• _Your goal_
Leave out the pictures and restate the rest of the data exactly.

• _Data provided_
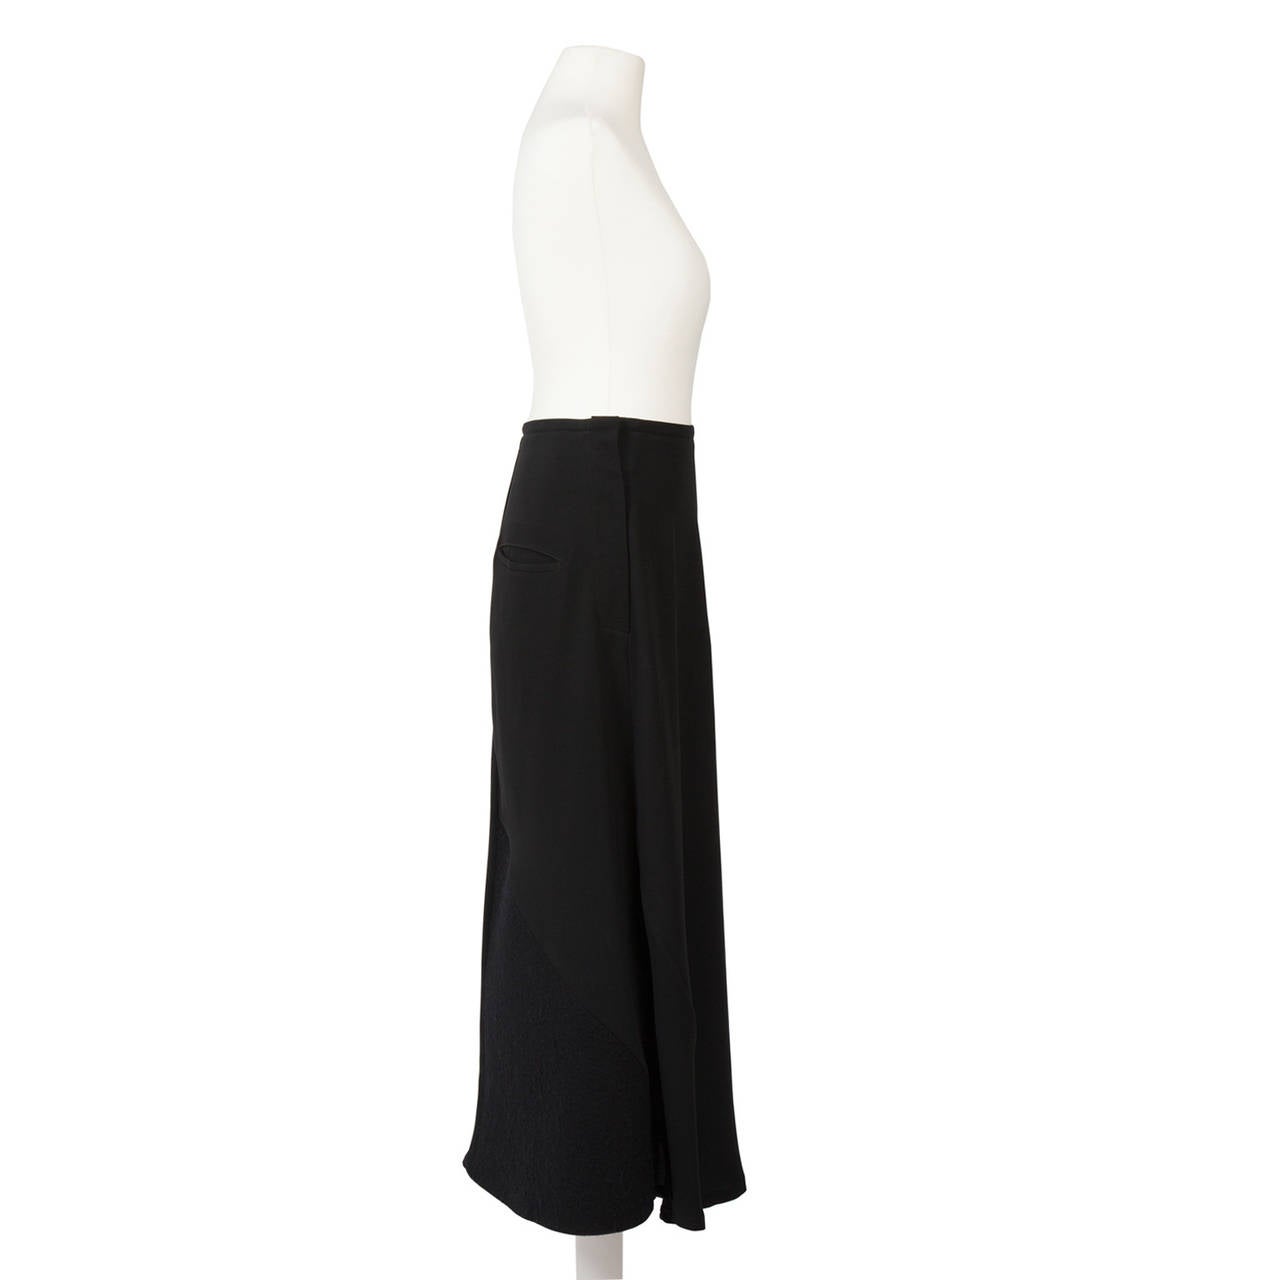 Iconic Yohji Yamamoto skirt,  cuts and form - combining weight of two materials - Polyester 100% / Lane wool 100% 

Measurements :
Skirt : Length - 88 cm Waist - 38 cm

• _Solution for this exercise_
 Iconic Yohji Yamamoto skirt,  cuts and form - combining weight of two materials - Polyester 100% / Lane wool 100% 

Measurements :
Skirt : Length - 88 cm Waist - 38 cm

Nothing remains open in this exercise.